From the first line of the data below, copy each line up to the one containing "Personification; Female; Bare", and include that line too.

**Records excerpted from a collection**
++++++++
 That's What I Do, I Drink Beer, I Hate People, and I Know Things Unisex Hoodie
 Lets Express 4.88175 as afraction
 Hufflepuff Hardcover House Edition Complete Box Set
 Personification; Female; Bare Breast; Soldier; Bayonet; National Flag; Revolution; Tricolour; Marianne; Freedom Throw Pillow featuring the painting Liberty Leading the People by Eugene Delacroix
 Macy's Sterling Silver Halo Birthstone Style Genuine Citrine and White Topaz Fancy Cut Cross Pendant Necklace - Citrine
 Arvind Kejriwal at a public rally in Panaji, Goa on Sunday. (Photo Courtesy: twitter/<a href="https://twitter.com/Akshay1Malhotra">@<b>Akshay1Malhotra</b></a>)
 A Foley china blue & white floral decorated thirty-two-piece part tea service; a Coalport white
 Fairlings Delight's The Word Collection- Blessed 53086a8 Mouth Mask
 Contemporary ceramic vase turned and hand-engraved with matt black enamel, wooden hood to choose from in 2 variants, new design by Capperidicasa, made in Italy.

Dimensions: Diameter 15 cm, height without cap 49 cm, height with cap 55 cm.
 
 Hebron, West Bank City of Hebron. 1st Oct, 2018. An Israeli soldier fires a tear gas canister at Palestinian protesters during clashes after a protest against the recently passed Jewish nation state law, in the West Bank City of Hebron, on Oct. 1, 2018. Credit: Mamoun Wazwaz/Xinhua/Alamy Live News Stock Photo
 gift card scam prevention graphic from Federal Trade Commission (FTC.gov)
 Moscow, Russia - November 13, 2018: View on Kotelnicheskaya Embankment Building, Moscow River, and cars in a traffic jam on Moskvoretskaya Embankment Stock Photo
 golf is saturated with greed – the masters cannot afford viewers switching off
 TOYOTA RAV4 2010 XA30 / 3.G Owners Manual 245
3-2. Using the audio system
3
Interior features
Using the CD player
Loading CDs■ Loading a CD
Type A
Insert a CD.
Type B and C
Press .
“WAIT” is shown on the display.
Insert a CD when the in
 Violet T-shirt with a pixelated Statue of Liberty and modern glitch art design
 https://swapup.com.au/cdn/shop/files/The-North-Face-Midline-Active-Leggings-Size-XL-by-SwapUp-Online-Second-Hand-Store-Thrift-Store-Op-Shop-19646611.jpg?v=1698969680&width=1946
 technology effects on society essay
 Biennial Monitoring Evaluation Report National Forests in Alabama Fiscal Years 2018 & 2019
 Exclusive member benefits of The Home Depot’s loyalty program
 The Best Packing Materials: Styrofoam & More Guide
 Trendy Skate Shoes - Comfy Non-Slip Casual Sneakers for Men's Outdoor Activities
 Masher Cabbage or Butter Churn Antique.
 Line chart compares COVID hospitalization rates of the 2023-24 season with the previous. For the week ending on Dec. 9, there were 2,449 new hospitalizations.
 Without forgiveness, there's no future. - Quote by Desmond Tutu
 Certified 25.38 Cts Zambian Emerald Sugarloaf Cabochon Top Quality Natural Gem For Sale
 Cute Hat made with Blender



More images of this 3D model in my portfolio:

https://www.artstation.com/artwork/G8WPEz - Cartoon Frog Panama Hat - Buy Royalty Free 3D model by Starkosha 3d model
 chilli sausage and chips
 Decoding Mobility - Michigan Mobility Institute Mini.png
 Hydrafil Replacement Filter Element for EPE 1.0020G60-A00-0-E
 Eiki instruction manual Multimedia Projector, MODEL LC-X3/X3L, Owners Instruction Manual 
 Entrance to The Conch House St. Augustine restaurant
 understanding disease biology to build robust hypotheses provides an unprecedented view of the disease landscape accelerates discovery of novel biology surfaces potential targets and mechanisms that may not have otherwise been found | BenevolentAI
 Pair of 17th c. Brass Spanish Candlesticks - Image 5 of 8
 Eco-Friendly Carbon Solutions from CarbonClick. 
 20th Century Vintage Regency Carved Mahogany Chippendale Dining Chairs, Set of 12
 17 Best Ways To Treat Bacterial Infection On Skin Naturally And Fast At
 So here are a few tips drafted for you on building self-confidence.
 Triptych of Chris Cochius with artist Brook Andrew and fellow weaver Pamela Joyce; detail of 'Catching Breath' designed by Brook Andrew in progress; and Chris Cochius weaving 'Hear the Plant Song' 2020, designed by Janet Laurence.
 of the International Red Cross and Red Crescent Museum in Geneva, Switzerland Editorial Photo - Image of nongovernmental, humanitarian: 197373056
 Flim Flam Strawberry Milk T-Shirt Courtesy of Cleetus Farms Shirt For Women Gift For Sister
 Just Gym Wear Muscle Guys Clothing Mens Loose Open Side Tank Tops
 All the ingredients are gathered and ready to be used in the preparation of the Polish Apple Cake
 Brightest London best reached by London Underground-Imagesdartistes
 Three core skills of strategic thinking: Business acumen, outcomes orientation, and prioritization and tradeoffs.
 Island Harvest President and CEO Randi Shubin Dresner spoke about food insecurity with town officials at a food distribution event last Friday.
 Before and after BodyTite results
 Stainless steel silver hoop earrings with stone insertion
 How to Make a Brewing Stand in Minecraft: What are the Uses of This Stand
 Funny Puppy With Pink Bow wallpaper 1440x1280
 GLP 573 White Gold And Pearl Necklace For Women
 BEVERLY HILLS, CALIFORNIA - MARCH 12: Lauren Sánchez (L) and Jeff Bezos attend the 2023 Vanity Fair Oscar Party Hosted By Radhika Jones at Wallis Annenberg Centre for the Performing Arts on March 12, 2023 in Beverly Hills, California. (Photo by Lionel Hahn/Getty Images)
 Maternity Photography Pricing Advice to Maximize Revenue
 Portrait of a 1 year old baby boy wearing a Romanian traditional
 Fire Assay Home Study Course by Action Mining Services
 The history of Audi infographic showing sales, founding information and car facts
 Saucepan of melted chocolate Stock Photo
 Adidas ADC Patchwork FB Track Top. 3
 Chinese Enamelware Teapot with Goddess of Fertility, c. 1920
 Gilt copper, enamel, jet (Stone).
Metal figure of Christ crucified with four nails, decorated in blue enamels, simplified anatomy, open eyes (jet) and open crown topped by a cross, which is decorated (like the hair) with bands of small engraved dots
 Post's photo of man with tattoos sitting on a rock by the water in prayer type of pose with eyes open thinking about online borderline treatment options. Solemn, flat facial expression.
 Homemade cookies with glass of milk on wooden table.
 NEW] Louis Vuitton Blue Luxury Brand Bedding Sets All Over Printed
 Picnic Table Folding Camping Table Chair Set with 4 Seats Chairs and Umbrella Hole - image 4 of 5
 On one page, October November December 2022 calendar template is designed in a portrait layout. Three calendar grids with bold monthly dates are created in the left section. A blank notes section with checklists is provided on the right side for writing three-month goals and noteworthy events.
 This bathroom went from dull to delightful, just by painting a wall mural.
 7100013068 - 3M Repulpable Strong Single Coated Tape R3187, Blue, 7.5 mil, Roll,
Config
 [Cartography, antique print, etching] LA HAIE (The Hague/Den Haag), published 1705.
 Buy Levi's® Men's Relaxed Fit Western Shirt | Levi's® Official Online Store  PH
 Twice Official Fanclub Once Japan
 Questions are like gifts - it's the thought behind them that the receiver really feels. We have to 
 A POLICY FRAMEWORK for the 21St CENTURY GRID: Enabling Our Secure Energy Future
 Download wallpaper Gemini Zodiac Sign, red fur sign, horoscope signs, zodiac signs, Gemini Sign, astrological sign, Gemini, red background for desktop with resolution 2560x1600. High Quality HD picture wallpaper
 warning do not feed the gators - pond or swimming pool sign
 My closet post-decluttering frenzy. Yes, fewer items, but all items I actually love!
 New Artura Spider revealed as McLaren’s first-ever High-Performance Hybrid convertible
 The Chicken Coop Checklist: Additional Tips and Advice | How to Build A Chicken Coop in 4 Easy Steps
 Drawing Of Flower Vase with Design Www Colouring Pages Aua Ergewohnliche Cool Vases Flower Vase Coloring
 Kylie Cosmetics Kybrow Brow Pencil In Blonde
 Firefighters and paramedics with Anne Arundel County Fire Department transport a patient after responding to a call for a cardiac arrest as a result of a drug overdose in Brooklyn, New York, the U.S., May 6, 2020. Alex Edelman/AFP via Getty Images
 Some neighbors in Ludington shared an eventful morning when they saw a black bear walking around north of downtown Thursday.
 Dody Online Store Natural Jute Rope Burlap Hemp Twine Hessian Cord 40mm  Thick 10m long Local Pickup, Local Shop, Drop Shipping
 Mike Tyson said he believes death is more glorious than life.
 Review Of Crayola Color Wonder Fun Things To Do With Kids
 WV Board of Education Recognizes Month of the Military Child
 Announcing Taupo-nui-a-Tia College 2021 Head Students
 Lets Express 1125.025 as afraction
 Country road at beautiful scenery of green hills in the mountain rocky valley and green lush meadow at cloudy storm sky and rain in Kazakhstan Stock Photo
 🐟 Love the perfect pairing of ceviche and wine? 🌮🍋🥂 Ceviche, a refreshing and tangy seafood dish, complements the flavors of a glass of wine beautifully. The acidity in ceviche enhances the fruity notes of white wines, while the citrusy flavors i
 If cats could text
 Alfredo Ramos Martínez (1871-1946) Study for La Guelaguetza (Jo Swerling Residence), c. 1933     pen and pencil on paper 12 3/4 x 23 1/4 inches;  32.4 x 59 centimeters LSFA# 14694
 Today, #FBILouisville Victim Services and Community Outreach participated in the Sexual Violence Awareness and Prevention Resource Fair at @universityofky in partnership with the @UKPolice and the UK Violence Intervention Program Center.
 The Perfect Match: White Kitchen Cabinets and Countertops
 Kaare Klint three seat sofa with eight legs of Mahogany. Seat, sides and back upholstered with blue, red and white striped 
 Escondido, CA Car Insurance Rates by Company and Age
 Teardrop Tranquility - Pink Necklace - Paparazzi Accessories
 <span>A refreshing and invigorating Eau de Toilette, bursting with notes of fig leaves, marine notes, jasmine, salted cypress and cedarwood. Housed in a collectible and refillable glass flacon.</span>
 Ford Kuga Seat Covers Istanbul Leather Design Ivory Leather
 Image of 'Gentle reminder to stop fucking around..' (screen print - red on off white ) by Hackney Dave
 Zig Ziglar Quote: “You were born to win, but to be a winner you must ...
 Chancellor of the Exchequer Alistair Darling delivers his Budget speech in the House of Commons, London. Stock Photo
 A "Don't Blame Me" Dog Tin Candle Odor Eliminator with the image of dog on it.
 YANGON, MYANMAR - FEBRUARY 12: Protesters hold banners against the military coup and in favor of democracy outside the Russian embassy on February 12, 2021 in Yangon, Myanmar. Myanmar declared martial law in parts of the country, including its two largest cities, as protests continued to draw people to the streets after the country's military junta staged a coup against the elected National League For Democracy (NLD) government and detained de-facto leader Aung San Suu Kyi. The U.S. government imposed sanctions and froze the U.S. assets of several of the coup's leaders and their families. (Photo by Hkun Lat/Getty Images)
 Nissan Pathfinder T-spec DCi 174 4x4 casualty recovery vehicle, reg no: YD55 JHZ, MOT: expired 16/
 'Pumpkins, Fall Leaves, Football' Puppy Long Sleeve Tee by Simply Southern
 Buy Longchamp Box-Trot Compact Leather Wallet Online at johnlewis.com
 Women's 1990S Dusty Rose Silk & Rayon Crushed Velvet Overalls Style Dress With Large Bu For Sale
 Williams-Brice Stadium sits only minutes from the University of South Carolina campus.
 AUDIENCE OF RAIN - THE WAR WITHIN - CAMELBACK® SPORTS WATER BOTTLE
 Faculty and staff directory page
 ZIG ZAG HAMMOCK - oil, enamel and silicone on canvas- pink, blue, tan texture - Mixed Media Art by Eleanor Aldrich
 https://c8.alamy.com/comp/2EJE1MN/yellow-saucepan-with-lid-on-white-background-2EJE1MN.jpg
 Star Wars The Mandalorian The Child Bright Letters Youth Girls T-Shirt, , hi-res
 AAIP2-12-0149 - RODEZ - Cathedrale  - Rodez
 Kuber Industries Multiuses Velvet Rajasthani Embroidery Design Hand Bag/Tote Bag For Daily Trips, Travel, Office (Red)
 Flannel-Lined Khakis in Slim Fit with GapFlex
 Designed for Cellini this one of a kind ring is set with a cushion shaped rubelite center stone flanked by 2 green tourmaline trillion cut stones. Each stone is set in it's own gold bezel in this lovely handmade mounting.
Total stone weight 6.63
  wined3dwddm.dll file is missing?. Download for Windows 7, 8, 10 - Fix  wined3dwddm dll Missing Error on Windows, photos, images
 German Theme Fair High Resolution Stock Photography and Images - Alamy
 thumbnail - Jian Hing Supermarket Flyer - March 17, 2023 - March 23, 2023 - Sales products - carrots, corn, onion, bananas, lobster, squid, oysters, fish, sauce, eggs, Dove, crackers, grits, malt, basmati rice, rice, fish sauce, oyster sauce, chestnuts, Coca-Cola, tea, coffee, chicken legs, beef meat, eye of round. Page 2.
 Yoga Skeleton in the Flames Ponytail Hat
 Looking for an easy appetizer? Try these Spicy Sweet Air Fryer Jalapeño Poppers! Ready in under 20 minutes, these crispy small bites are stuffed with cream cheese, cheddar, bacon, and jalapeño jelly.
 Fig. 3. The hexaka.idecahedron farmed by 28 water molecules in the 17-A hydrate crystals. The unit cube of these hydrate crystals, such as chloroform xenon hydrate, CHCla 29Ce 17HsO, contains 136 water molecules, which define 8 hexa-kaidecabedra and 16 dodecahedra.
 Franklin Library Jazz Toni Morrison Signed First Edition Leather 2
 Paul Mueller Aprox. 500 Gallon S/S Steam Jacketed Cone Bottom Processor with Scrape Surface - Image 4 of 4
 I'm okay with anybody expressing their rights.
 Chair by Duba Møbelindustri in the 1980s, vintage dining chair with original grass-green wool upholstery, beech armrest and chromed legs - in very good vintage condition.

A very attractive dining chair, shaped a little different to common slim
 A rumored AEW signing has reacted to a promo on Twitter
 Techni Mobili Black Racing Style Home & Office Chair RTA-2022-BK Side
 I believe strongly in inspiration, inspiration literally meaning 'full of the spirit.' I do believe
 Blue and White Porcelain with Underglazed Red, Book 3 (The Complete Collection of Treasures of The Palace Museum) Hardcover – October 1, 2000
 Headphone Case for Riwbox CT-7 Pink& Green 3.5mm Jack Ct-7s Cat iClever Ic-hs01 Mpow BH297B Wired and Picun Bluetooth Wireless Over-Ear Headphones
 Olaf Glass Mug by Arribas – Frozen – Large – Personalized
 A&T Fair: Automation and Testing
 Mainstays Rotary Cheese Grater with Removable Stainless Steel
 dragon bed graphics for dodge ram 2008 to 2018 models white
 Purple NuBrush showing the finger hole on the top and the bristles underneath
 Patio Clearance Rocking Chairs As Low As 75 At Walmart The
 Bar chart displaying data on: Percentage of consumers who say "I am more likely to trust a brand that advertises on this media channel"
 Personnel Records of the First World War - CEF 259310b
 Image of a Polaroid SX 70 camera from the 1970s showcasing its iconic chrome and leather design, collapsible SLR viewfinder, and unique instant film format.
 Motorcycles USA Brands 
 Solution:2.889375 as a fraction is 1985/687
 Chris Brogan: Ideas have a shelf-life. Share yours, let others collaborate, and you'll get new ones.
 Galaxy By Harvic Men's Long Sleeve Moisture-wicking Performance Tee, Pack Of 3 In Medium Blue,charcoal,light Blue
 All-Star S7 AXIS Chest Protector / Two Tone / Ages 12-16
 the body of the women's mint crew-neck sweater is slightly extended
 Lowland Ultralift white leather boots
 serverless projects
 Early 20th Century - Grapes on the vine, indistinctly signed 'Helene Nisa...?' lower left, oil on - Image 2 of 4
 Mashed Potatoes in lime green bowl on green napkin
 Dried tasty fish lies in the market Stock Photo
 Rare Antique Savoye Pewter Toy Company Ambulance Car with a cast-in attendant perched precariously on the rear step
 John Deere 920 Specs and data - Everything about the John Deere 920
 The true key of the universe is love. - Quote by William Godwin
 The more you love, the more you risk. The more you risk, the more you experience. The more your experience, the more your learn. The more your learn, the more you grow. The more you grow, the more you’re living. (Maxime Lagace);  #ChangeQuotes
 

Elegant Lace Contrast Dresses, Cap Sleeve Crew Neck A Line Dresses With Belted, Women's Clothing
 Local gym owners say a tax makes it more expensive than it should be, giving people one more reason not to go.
++++++++
**Result**
 That's What I Do, I Drink Beer, I Hate People, and I Know Things Unisex Hoodie
 Lets Express 4.88175 as afraction
 Hufflepuff Hardcover House Edition Complete Box Set
 Personification; Female; Bare Breast; Soldier; Bayonet; National Flag; Revolution; Tricolour; Marianne; Freedom Throw Pillow featuring the painting Liberty Leading the People by Eugene Delacroix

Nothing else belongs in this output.